Stocks quoted in this article:
The shares of CBS Corporation (NYSE:CBS - 36.06) have been on fire lately, more than doubling since skimming the $18 level less than a year ago. In fact, the security touched a fresh nine-year acme of $36.25 earlier today. Ushering the equity into the black have been its 10-week and 32-week moving averages, which have contained all but one of the stock's weekly closes since early October. However, despite CBS' impressive performance on the charts, the bullish camp is far from crowded -- pointing to potential sideline cash to drive additional gains.

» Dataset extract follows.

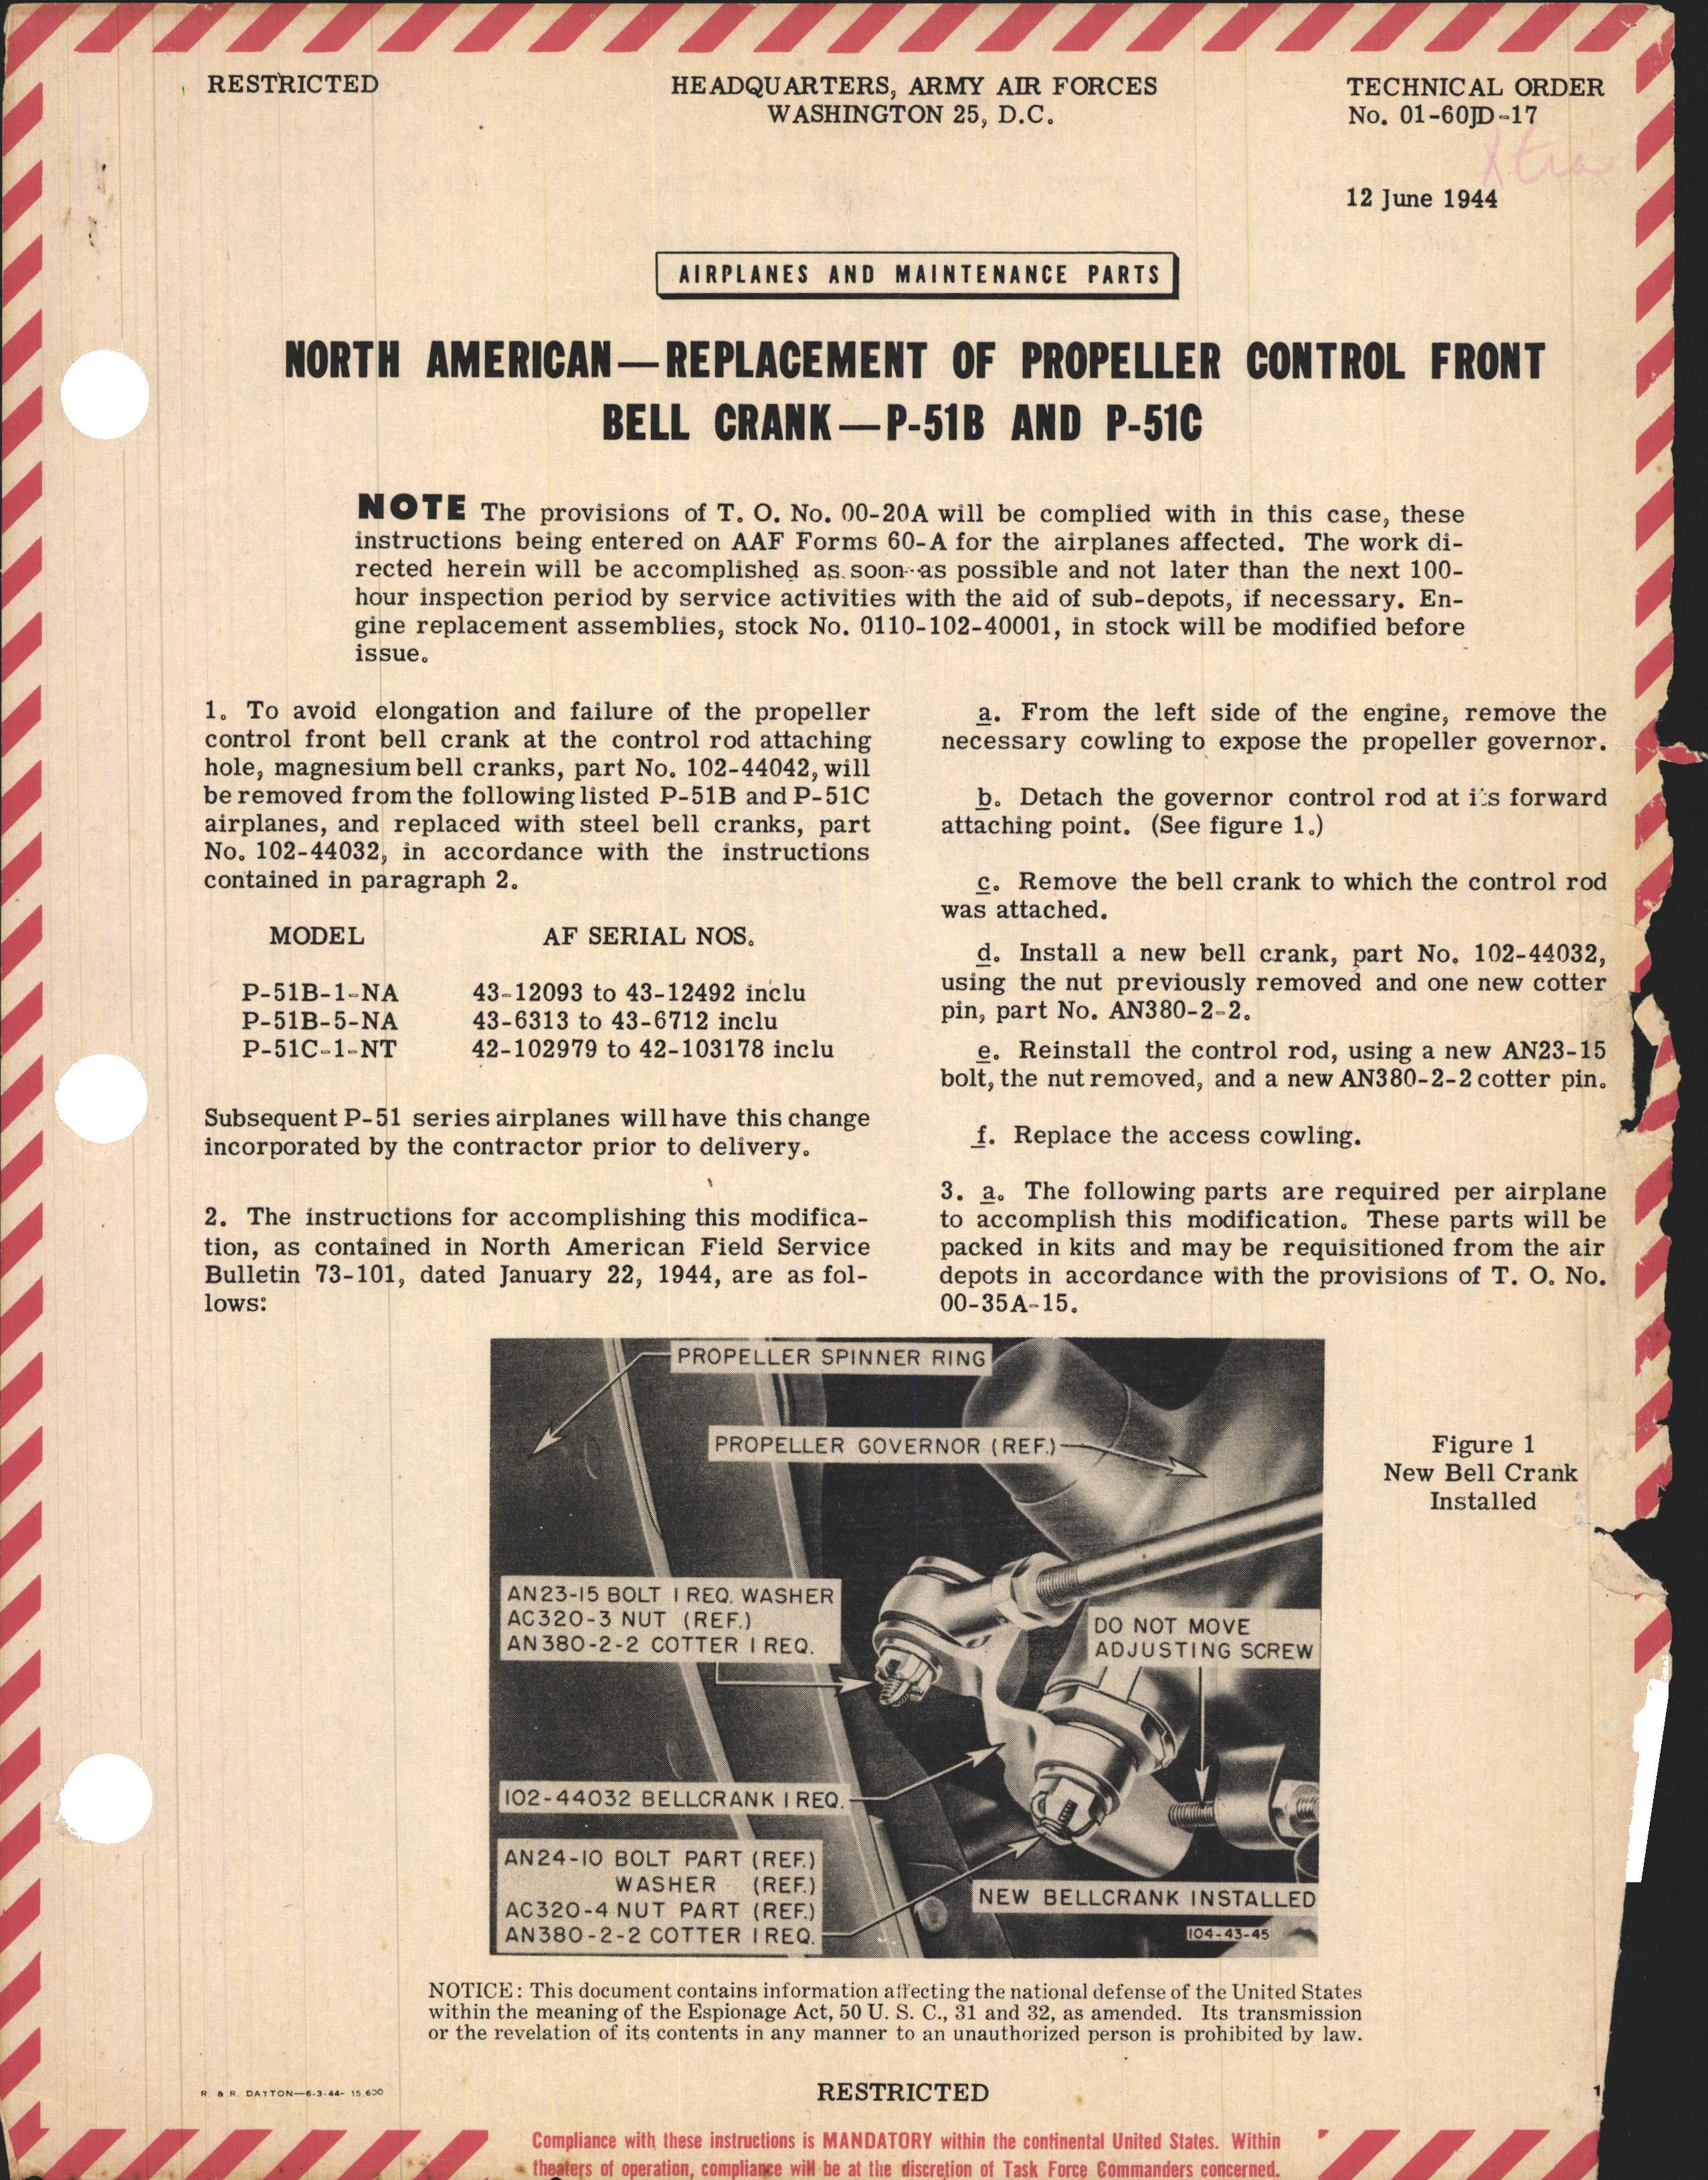 Sample page 1 from AirCorps Library document: Replacement of Propeller Control Front Bell Crank for P-51B and P-51C

For starters, CBS has outperformed the broader S&P 500 Index (SPX) by more than eight percentage points during the past 60 sessions. However, over the past 50 sessions, option players bought to open nearly three CBS puts for every call. Specifically, on the International Securities Exchange (ISE), Chicago Board Options Exchange (CBOE), and NASDAQ OMX PHLX (PHLX), the stock sports a 50-day put/call volume ratio of 2.74 -- which ranks in the 86th percentile of its annual range. In other words, traders have initiated bearish bets over bullish at a much faster-than-usual clip in recent months.
As a result, the equity's Schaeffer's put/call open interest ratio (SOIR) now stands at 1.76, indicating that puts nearly double calls among the front three-months' series of options. What's more, this ratio stands just four percentage points from an annual high, implying that near-term option players have rarely been more put-heavy on CBS during the past year.
However, peak put open interest in the soon-to-be front-month September series of options resides at the 29 strike, with more than 5,600 puts in residence. In the short term, this abundance of bearish bets could translate into a layer of options-related support for CBS.
Elsewhere on the Street, some analysts remain leery of CBS, regardless of the stock's long-time journey into the black. Currently, the consensus 12-month price target on the security sits at a measly $38.85, representing expected upside of just 7% to CBS' multi-year high of $36.25. Going forward, an unwinding of pessimism in the options pits, or a flood of upbeat analyst attention, could add contrarian fuel to the stock's fire.
Investors betting on an extended uptrend for CBS should consider buying the stock's in-the-money December 29 call, which was last offered for $7.30.